The inaugural series in 2003, which consisted of two races, one in Austria and one in Hungary, was won by the Hungarian pilot Péter Besenyei, with the German Klaus Schrodt coming second, followed by the American Kirby Chambliss. The format was expanded the following year to encompass three venues, the United States, the United Kingdom and Austria, and was won by Chambliss. The 2005 series expanded the competition to seven races, of which American pilot Mike Mangold won five to secure the title. The 2006 series included eight. Chambliss won four races against ten other pilots to win his second title in three years. The following series included ten venues with thirteen competitors, and ended with Mangold winning his second title, ahead of British pilot Paul Bonhomme and Besenyei.
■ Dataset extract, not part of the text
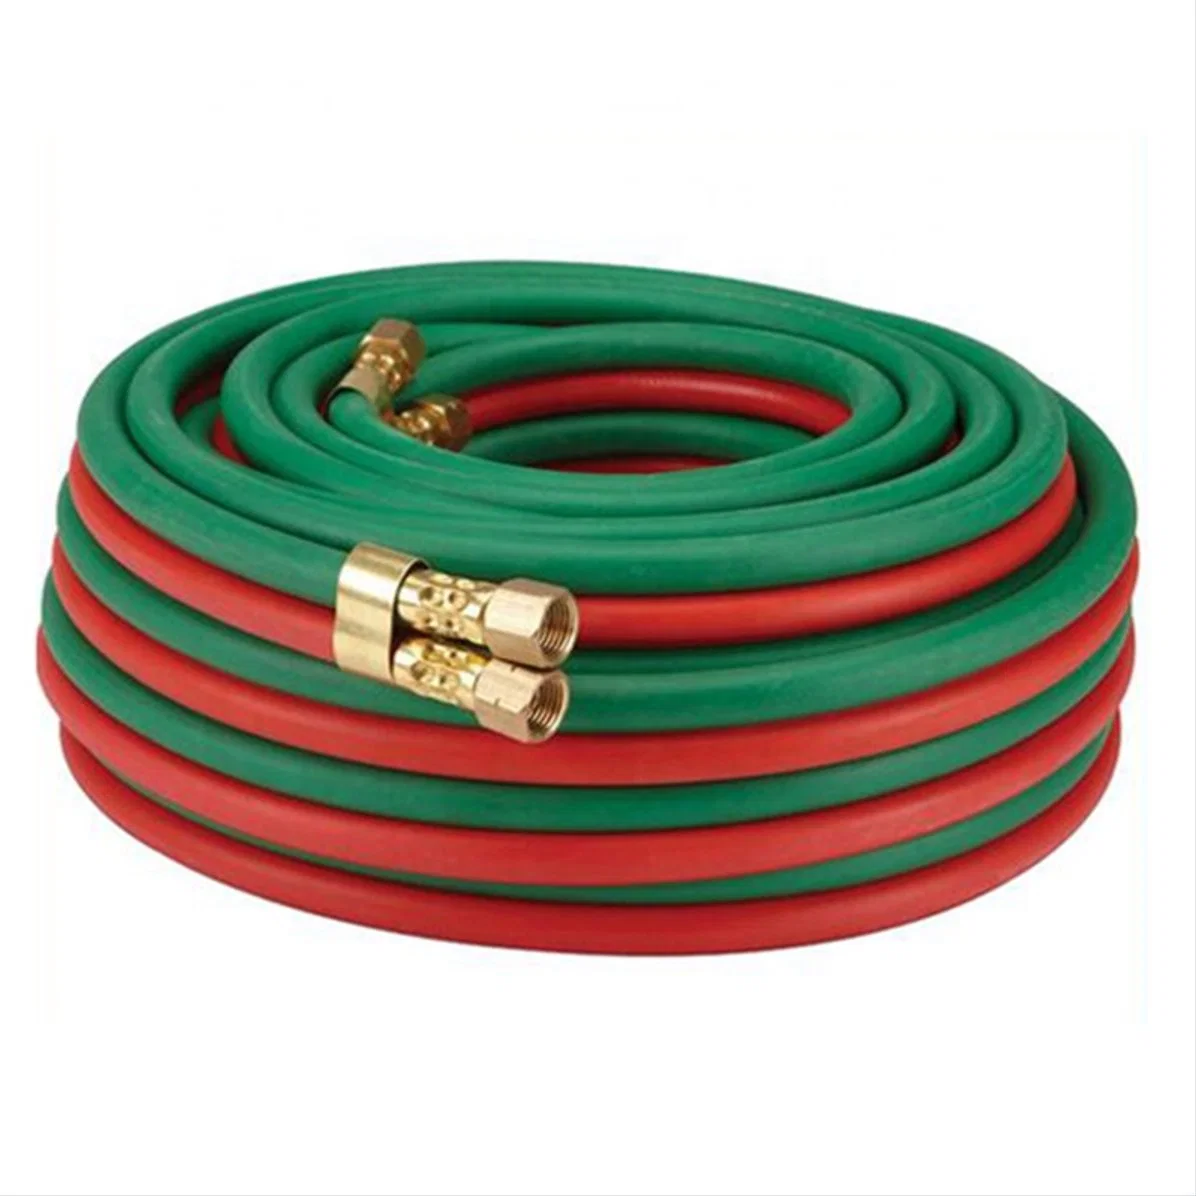 PVC Industrial Twin Welding Hose for Transport Oxygen and Acetylene

In the 2008 series, Austrian qualifier Hannes Arch took the title on his first attempt in a championship featuring eight rounds. Bonhomme finished second and Chambliss took third place. The 2009 series featured fifteen pilots but at fewer venues, six in total. The previous year's runner-up Bonhomme took the title, winning three races and placing second in the other three. Arch was second and Australian newcomer Matt Hall came third. Bonhomme defended his title in the 2010 series, placing in the top three in each race of a six-race season. Arch came second again, and British pilot Nigel Lamb finished third.

No Red Bull Air Race series took place between 2011 and 2013 inclusively, during which time new safety measures and standardised engines were introduced. The 2014 series was the first to divide the field into classes, namely the "Master Class", and the "Challenger Class" in which young pilots compete. The title was taken by Lamb, followed by Arch and Bonhomme. The following series took place across eight venues and was won by Bonhomme, followed by Hall and Arch. In 2016, the Red Bull Air Race season was held at seven locations, with the German pilot Matthias Dolderer winning his first title. Hall finished second and Arch placed posthumously third, having died in an unrelated helicopter accident before the end of the championship. The 2017 Red Bull Air Race World Championship was won by the Japanese pilot Yoshihide Muroya, with Czech pilot Martin Šonka second and Canadian Pete McLeod third. Šonka went one better the following year, winning the title ahead of Matt Hall and Michael Goulian.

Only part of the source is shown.